Work til you drop ‘is threat to recruitment and retention’

working

The study among HR executives found 41 per cent believe companies face looming problems in retaining and recruiting new staff if existing employees are unwilling to or unable to afford to retire.

Employment data shows 1.19 million over-65s are still working – slightly down on the 1.202 million peak at the start of 2015 – but still nearly double the 635,000 over-65s in the workforce in 2006.

Working past 65 is increasingly seen as an option by employees, research indicates. The nationwide study found just 29 per cent of employees have ruled out working past 65. Younger workers – who face higher State Pension Ages – are the most likely to work past 65 with just 23 per cent of those aged 25 to 34 saying they will definitely stop work by 65.
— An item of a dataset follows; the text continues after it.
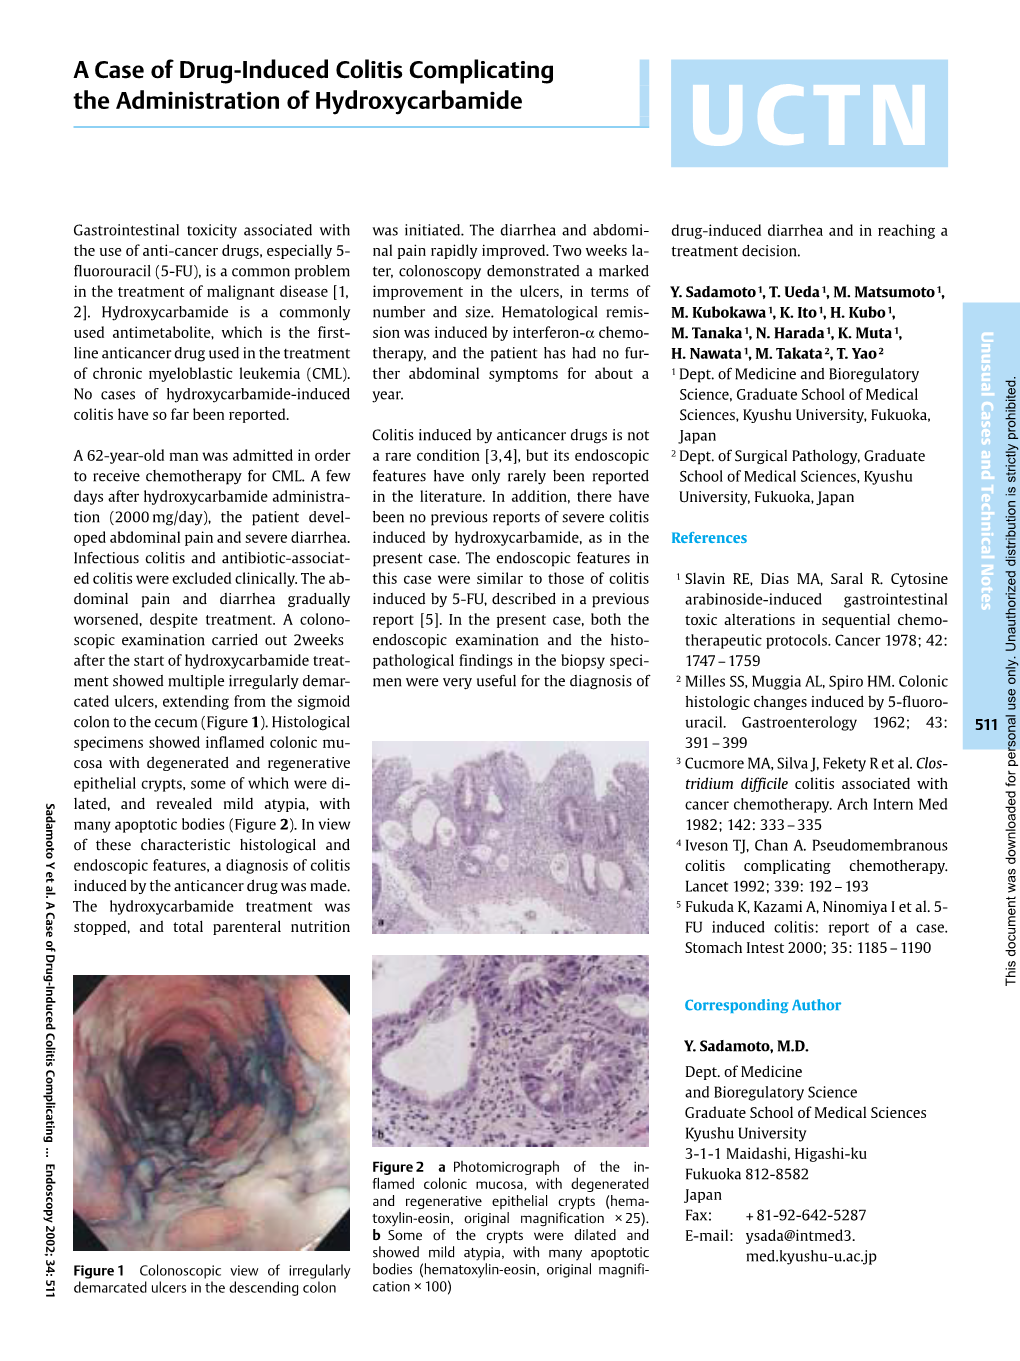 A Case of Drug-Induced Colitis Complicating the Administration Of

Portus Consulting Commercial Director Steve Watson says: “Working past 65 is becoming increasingly normal with more than 1.1 million over-65s in employment.
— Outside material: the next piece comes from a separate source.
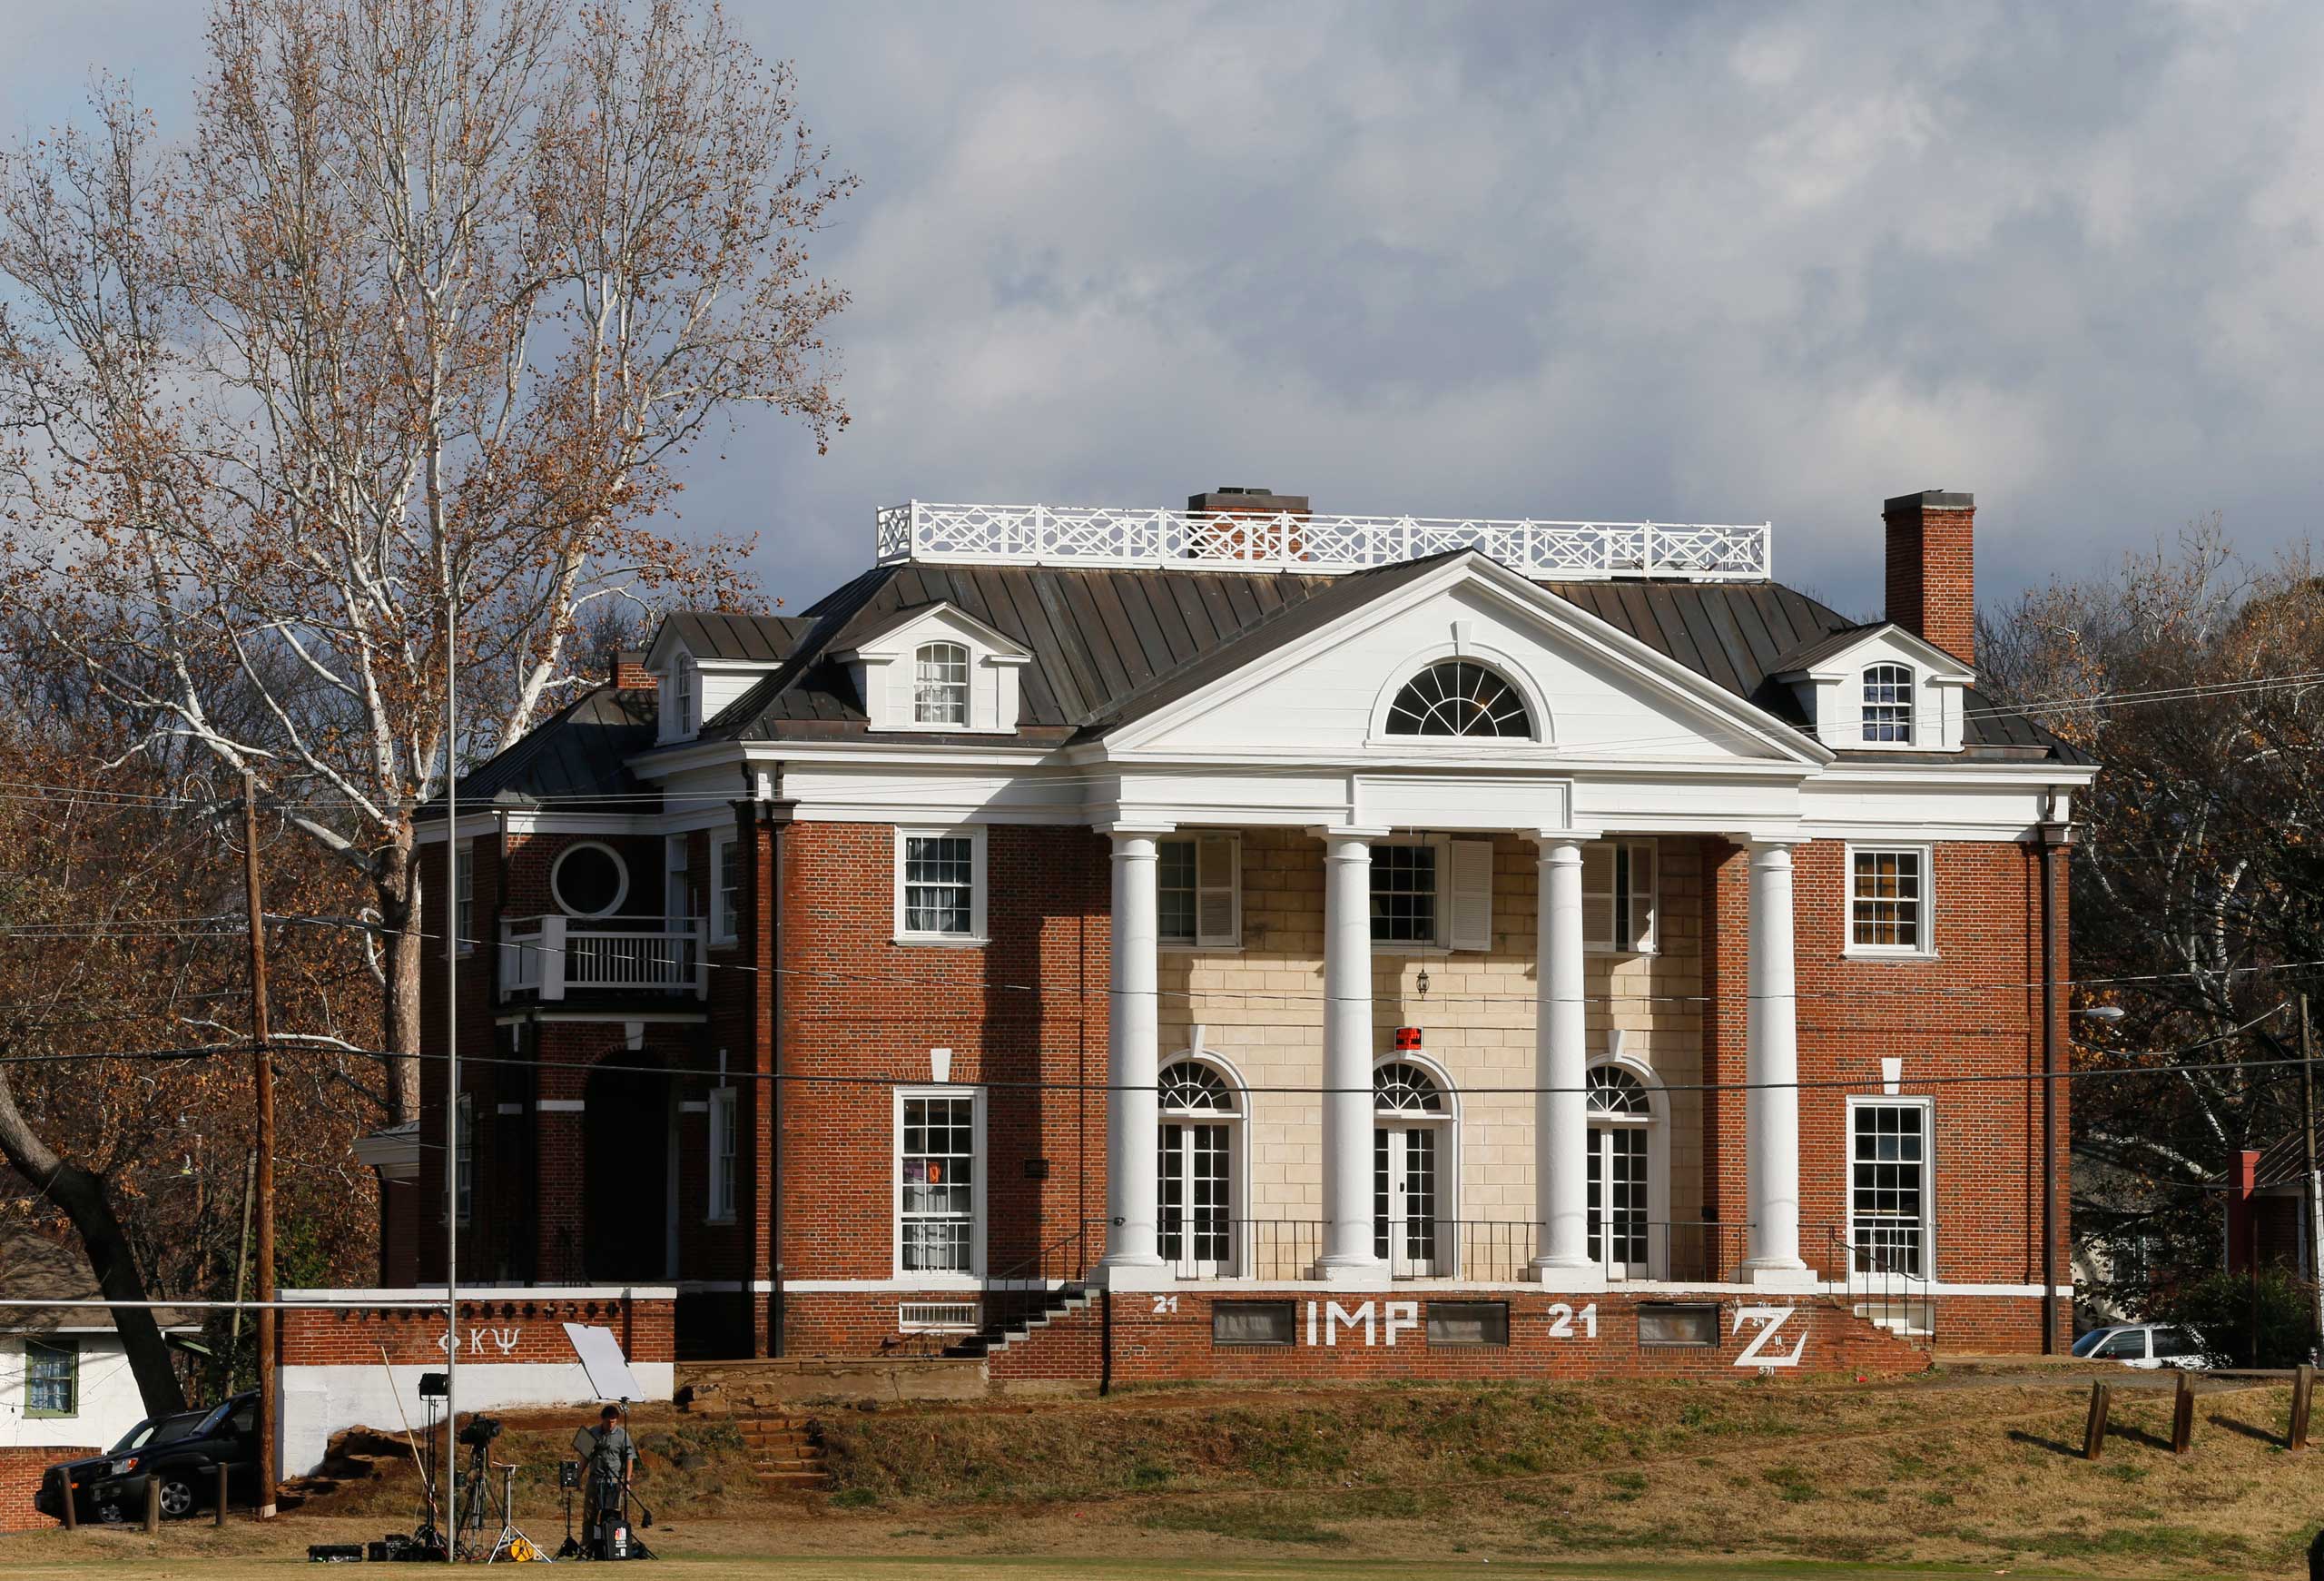 The Phi Kappa Psi fraternity house at the University of Virginia in Charlottesville, Va., on Nov. 24, 2014. A <i>Rolling Stone</i> article alleged a gang rape at the hous (Steve Helber—AP)

“But if people are staying in work simply because they cannot afford to retire then it becomes a possible flashpoint for employers and a potential issue in managing their business for the benefit of all employees.

“New pension freedoms have meant increased flexibility over pension funds and increasingly put the responsibility for retirement planning on employees. People however need support in managing their retirement plans and employers have a role to play in delivering guidance.”

Moreover, the research shows 79 per cent of employees would welcome online guidance through their employer which enables them to keep track of their retirement planning and to have all relevant information in one place. Those aged 35 to 44-years old are particularly supportive – 84 per cent said they would use an online service.